Exercise objective →
The data below should be retyped exactly, with the pictures left out.

Dataset excerpt →
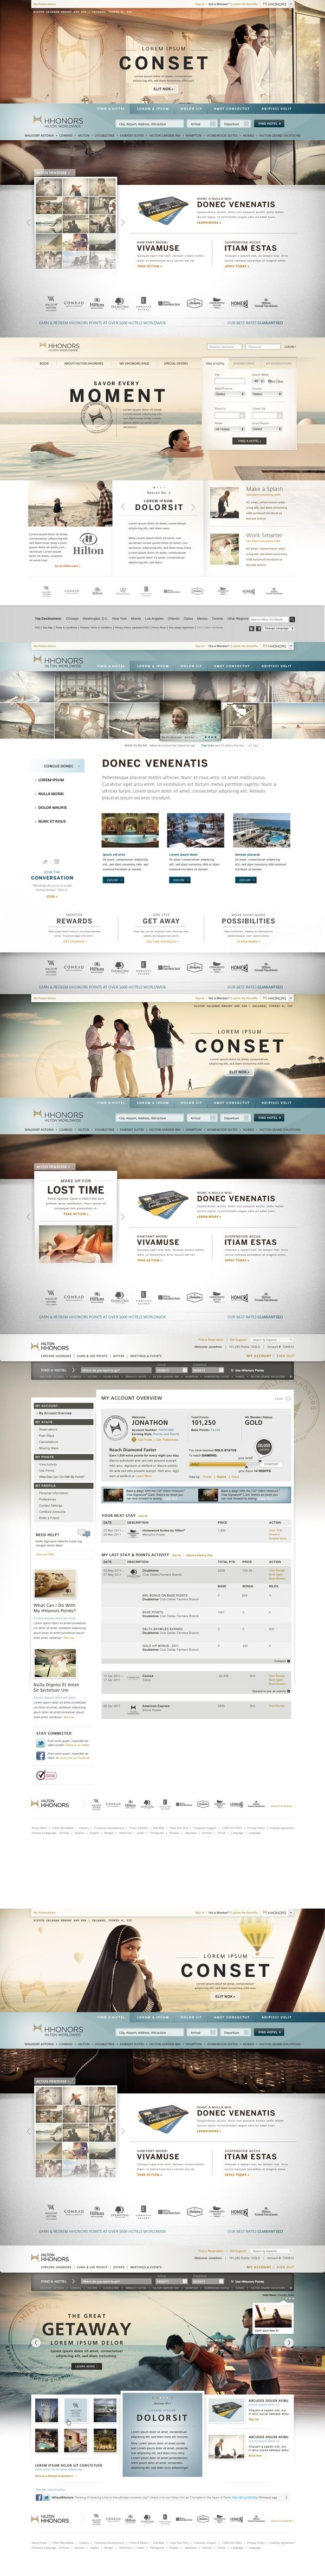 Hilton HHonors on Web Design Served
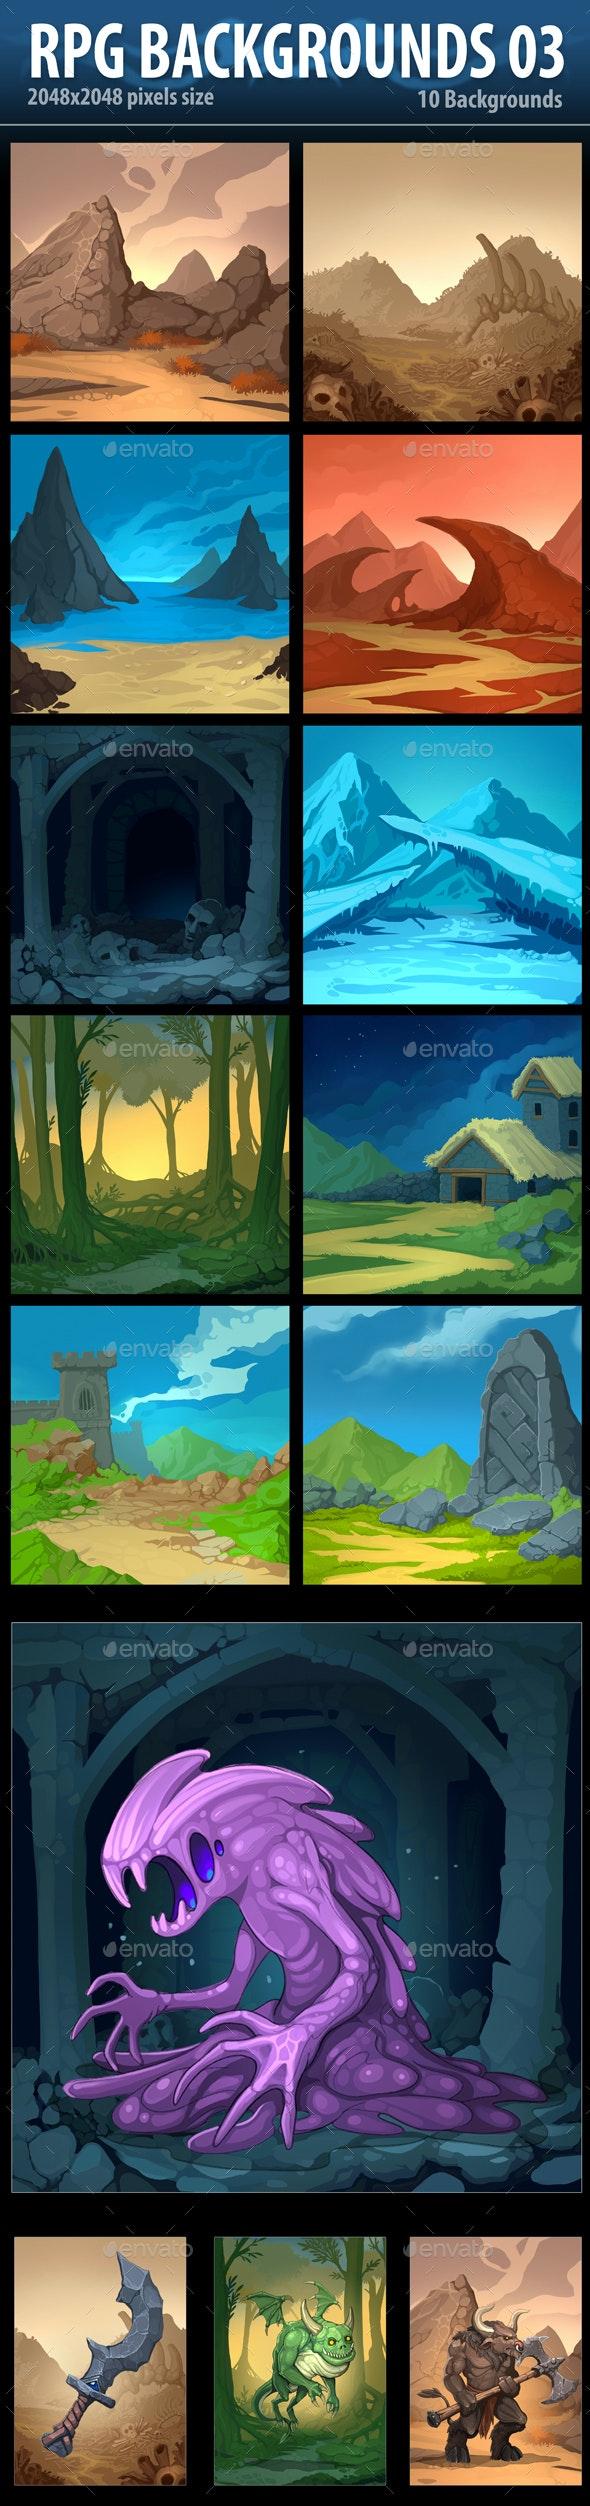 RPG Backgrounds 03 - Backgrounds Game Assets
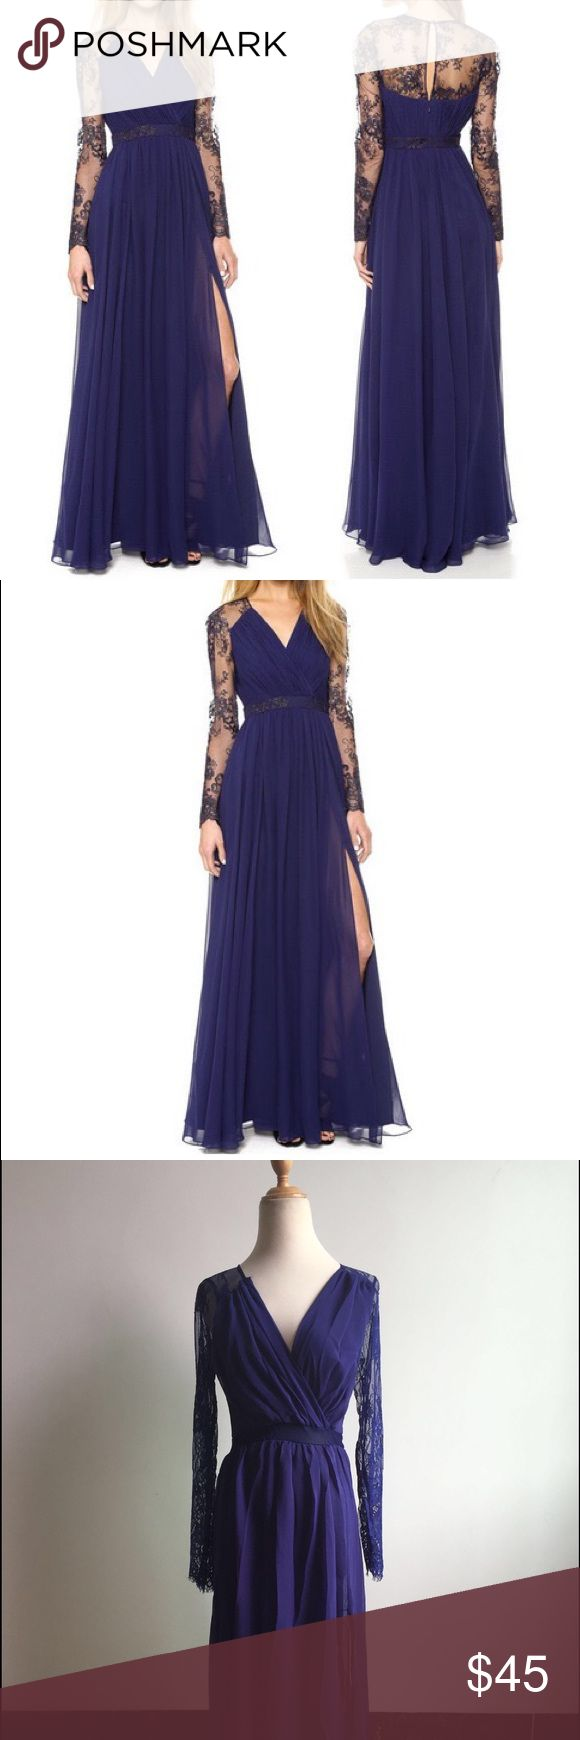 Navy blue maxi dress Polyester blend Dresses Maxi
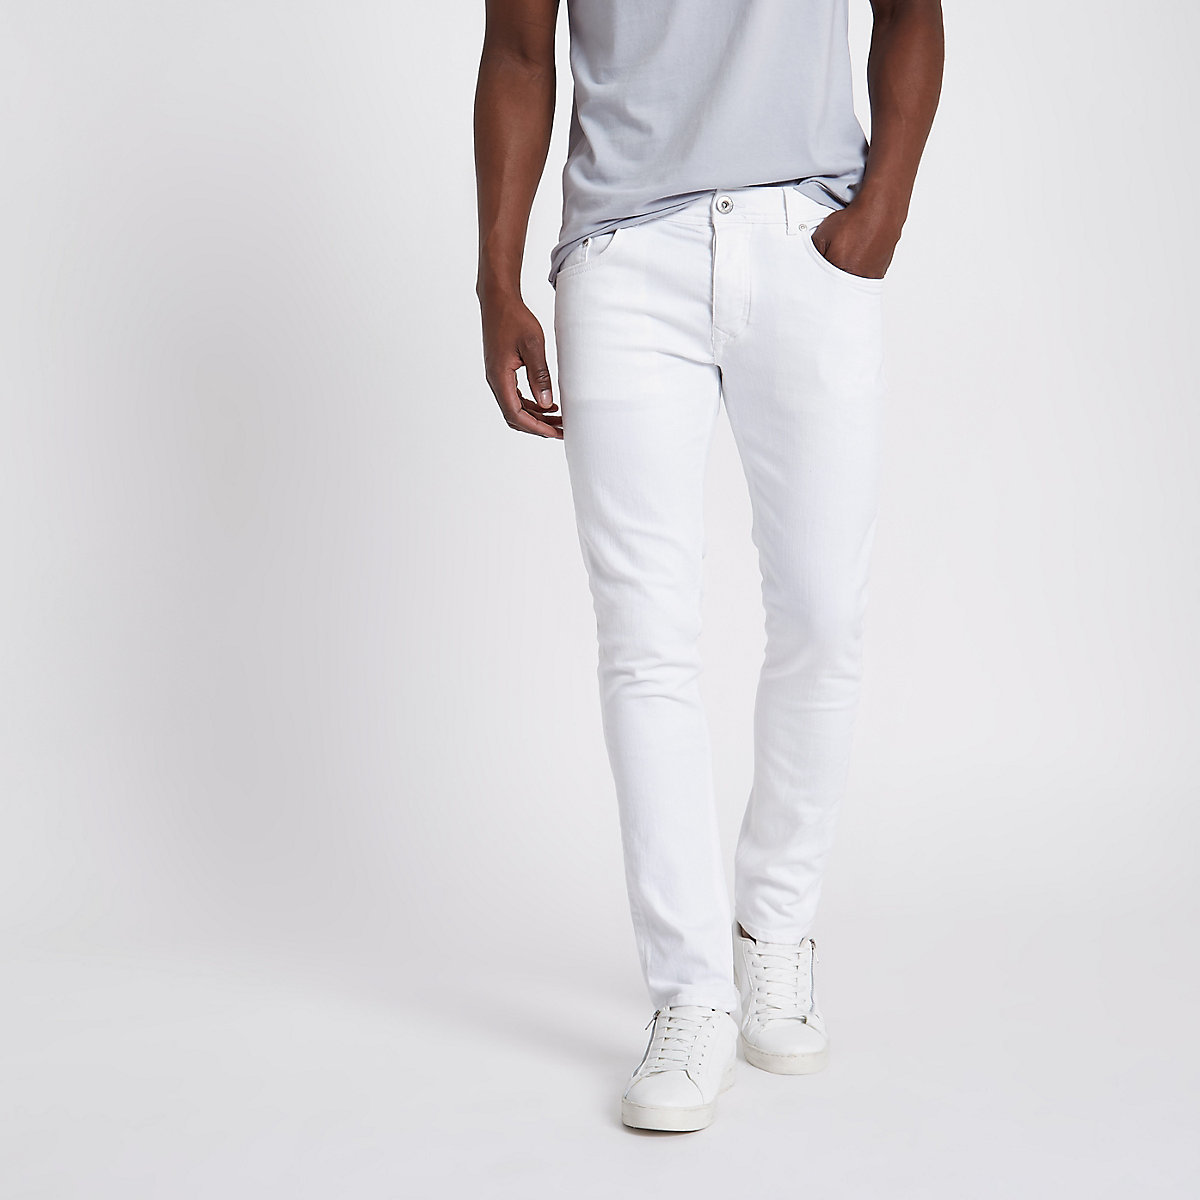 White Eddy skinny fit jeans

Output for this exercise →
 Hilton HHonors on Web Design Served
 RPG Backgrounds 03 - Backgrounds Game Assets
 Navy blue maxi dress Polyester blend Dresses Maxi
 White Eddy skinny fit jeans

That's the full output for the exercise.